Machine Learning for Trading

Abstract: The rapid progress in machine learning (ML) and the massive increase in the availability and diversity of data has enabled novel approaches to quantitative investment. It has also increased the demand for the application of data science to develop both discretionary and algorithmic trading strategies.
In this workshop, we will cover popular use cases for ML in the investment industry, and how data science and ML fit into the workflow of developing a trading and investment strategy from the identification and combination of alpha factors to strategy backtesting and asset allocation.
We will see how a broad range of ML techniques can be used to extract tradeable signals. In particular, the rise of alternative data, i.e. sources beyond market and fundamental data, has created the need to apply deep learning for natural language processing and image classification. We will also take a look at how reinforcement learning can be used to train an agent interactively on market data.
The workshop uses Python and various standard data science and machine learning libraries like pandas, scikit-learn, gensim, spaCy as well as TensorFlow and Keras. The code examples will be presented using jupyter notebooks and are based on my book ‘Machine Learning for Algorithmic Trading’.
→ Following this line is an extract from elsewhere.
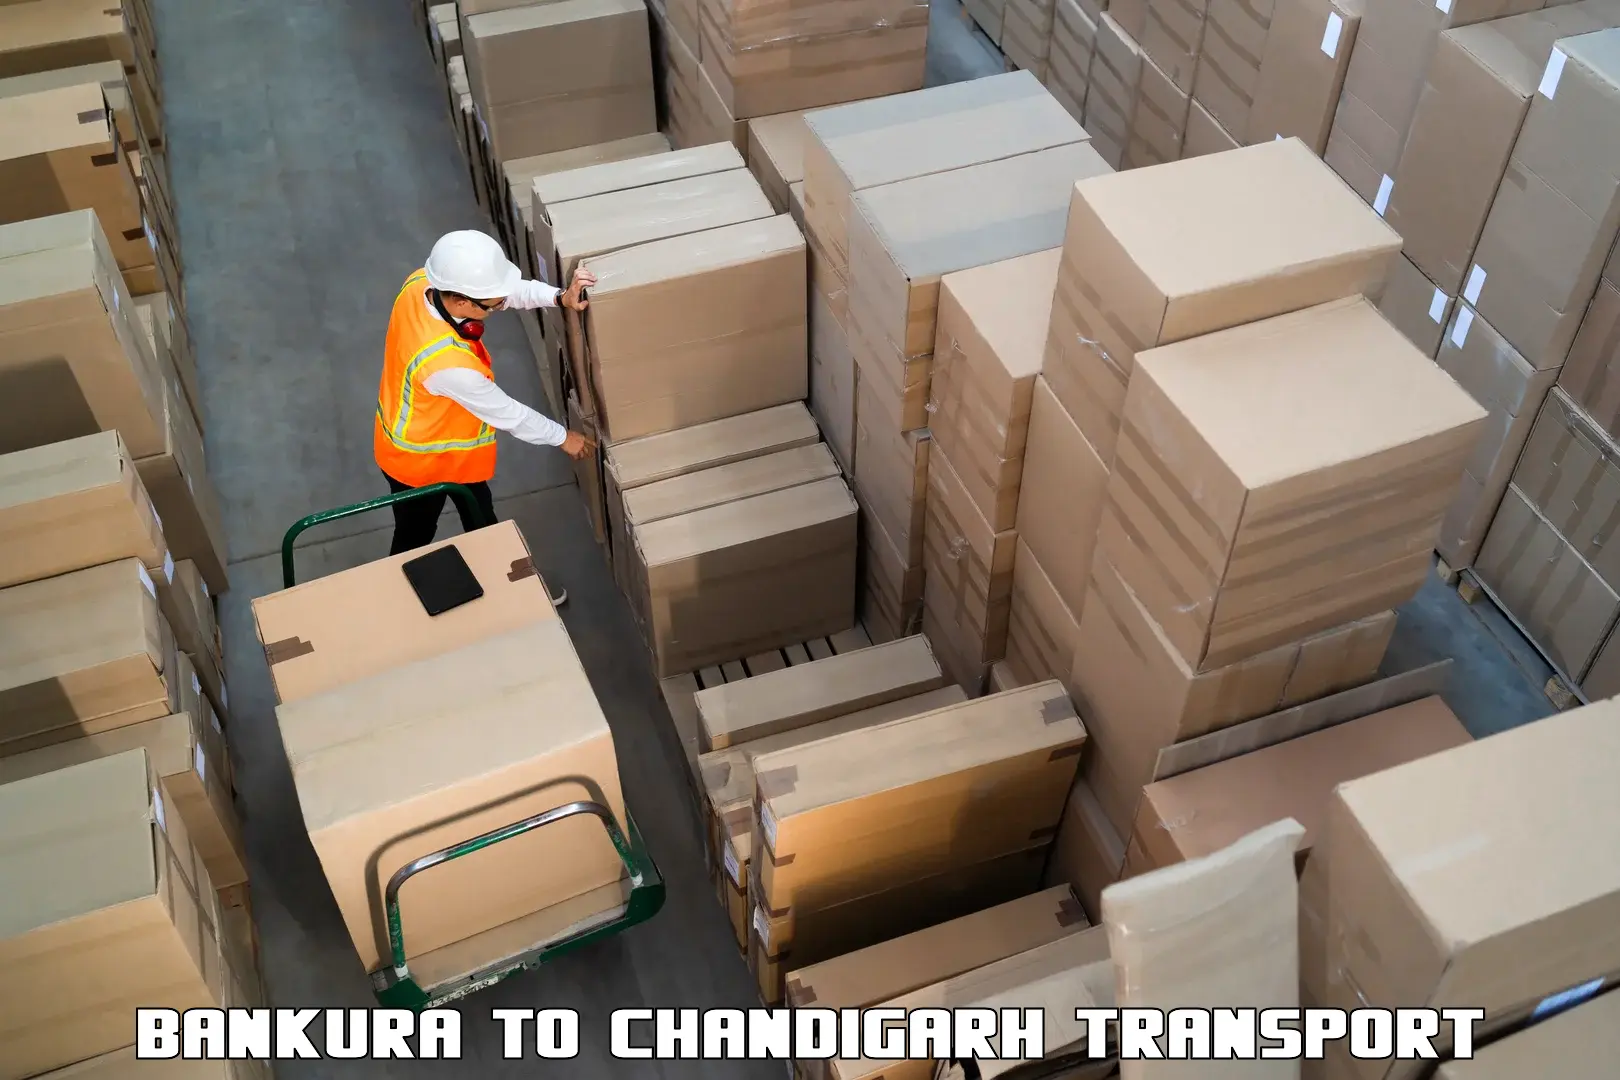 Daily parcel service transport Bankura to Chandigarh

Bio: Stefan is founder, CEO and lead data scientist at Applied AI that provides data strategy consulting, machine learning solutions, as well as executive coaching and training for consumer, healthcare and financial industries. Prior to his current venture, he was co-founder and partner at an international investment firm, building the predictive analytics and investment research practice. Earlier, he was executive at a global fintech company with operations in 15 global markets.

A native German, he started his career as advisor to Central Banks in emerging markets and has worked in six languages across Asia, Africa, and Latin America. In 2007, he raised $35m from the Gates Foundation to cofound the Alliance for Financial Inclusion, an international organization for regulators that facilitates the adoption of financial technology to lower barriers to access.

Stefan holds a Master in Economics from FU Berlin with a Thesis on Early Warning Systems for Financial Crisis using Machine Learning, an MPA/ID from the Harvard Kennedy School, a CFA Charter, and has published through Harvard and Brookings. He teaches data science at General Assembly, has produced two courses with currently 13,000 students at DataCamp, and is the author of two courses on ‘Mastering Unsupervised Learning’ (forthcoming by Packt).